Gerechtshof Leeuwarden

Datum uitspraak
25 maart 2008
Publicatiedatum
5 april 2013
Zaaknummer
BK 140/07 WOZ
Instantie
Gerechtshof Leeuwarden
Type
Uitspraak
Procedures
  • Hoger beroep
Vindplaatsen
  • Rechtspraak.nl
AI samenvatting door LexboostAutomatisch gegenereerd

Hoger beroep tegen WOZ-beschikking en niet ontvangen uitnodiging voor zitting

In deze zaak gaat het om een hoger beroep tegen een WOZ-beschikking van de heffingsambtenaar van de gemeente Haren.

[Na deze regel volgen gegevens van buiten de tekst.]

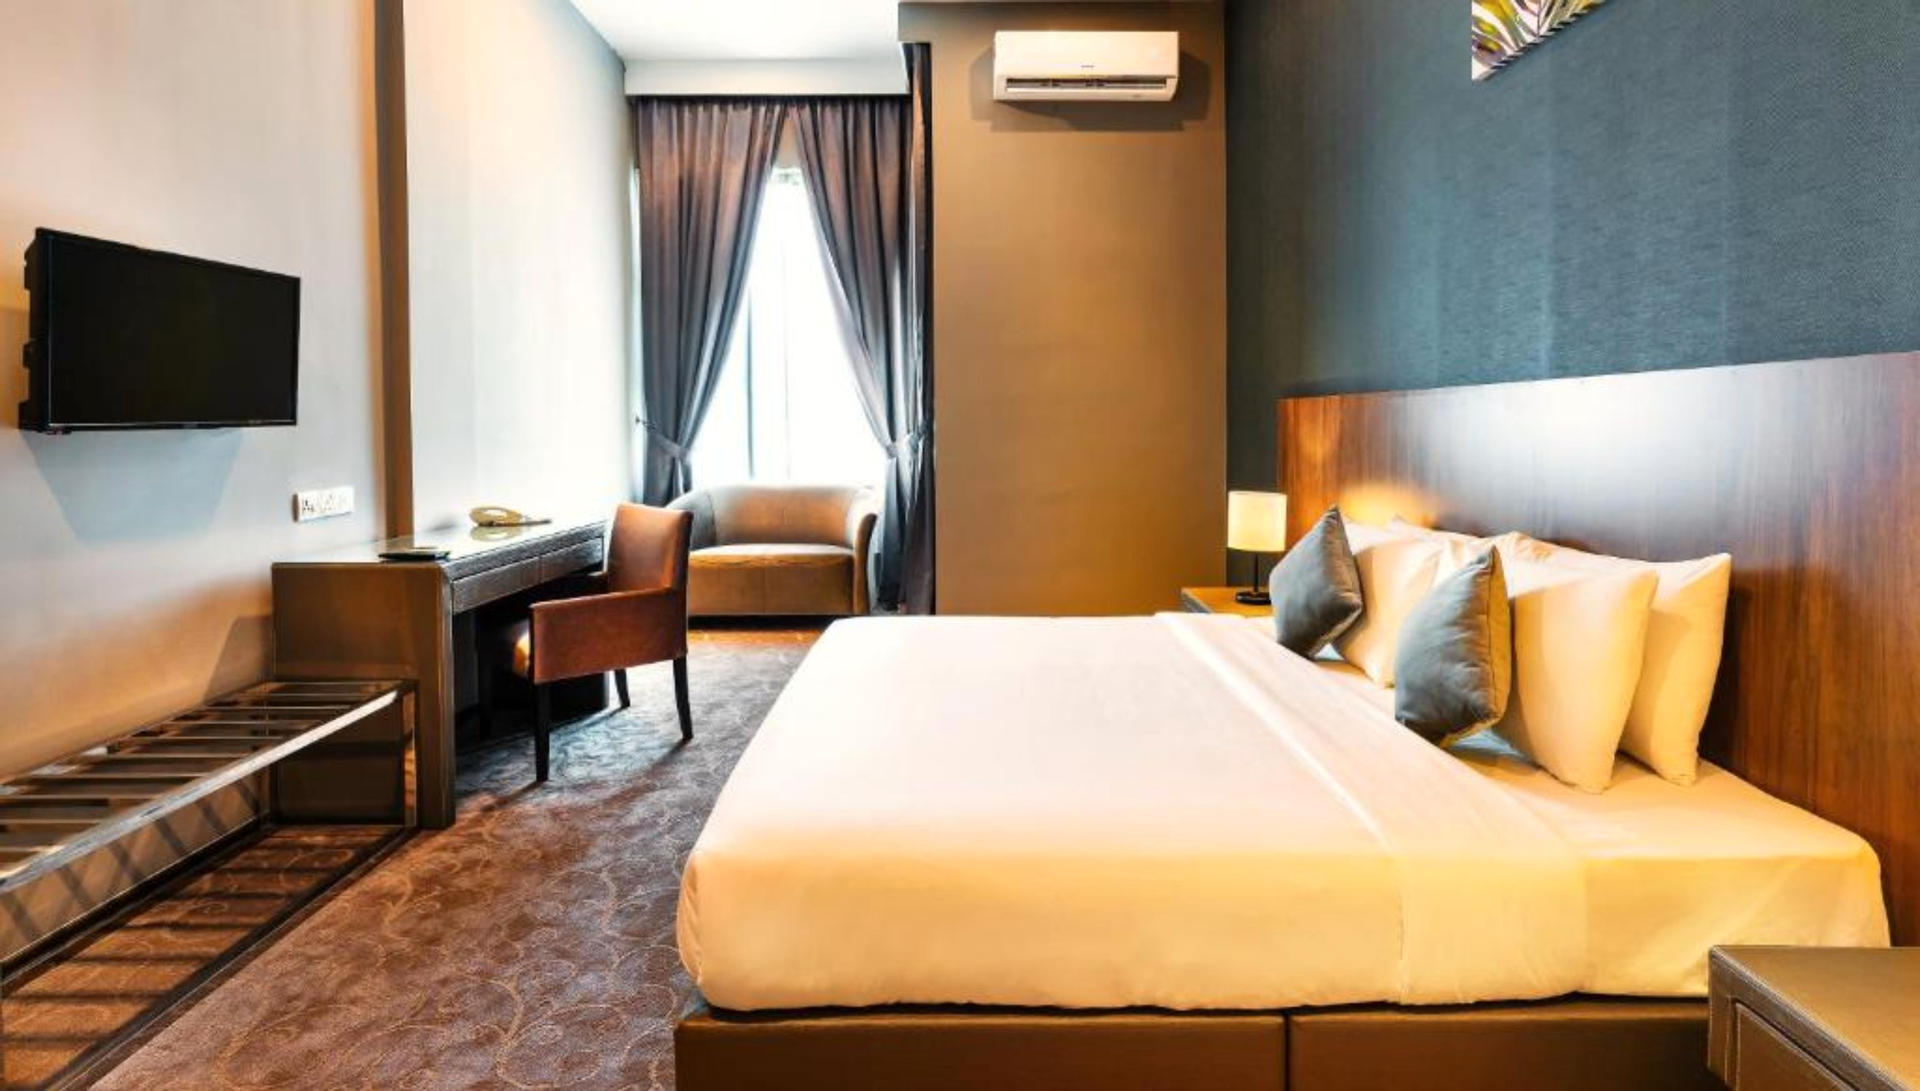 Bedroom 3, Le'venue Hotel, Hulu Langat
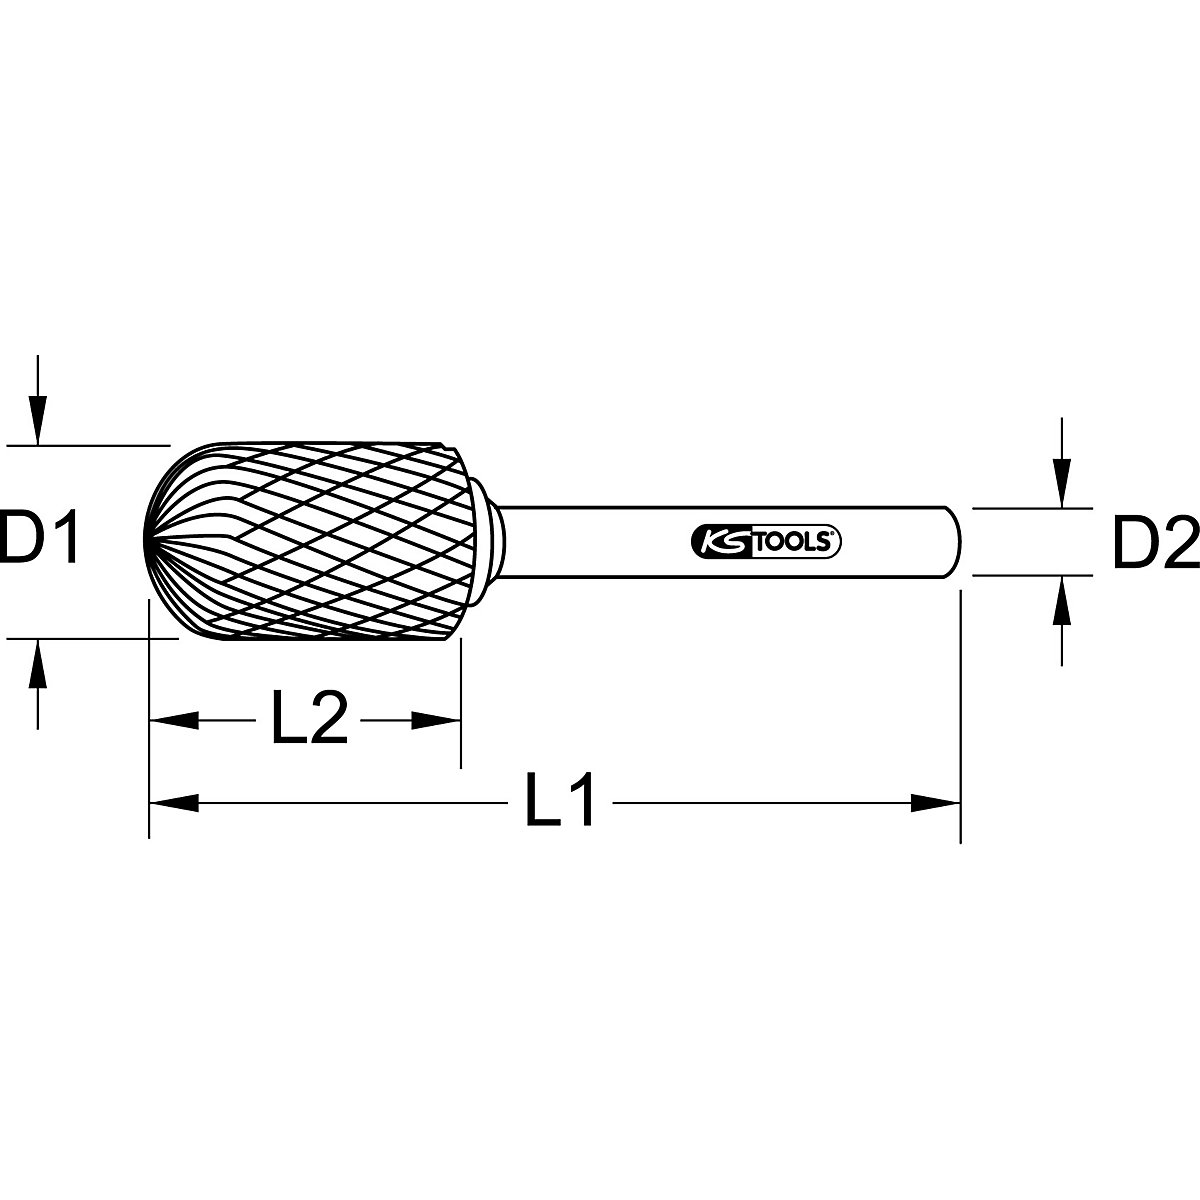 Lixa rotativa cilíndrica HM, forma C – KS Tools

De belanghebbende, eigenaar van een onroerende zaak, heeft in appel aangevoerd dat hij de uitnodiging voor de zitting van de rechtbank niet heeft ontvangen, waardoor hij niet ter zitting is verschenen. De mondelinge behandeling vond plaats op 11 maart 2008 in Leeuwarden, onder leiding van mr. G.M. van der Meer, met mr. J.D.S.L. Bosch en mr. F.J.W. Drion als raden, en mr. H. de Jong als griffier.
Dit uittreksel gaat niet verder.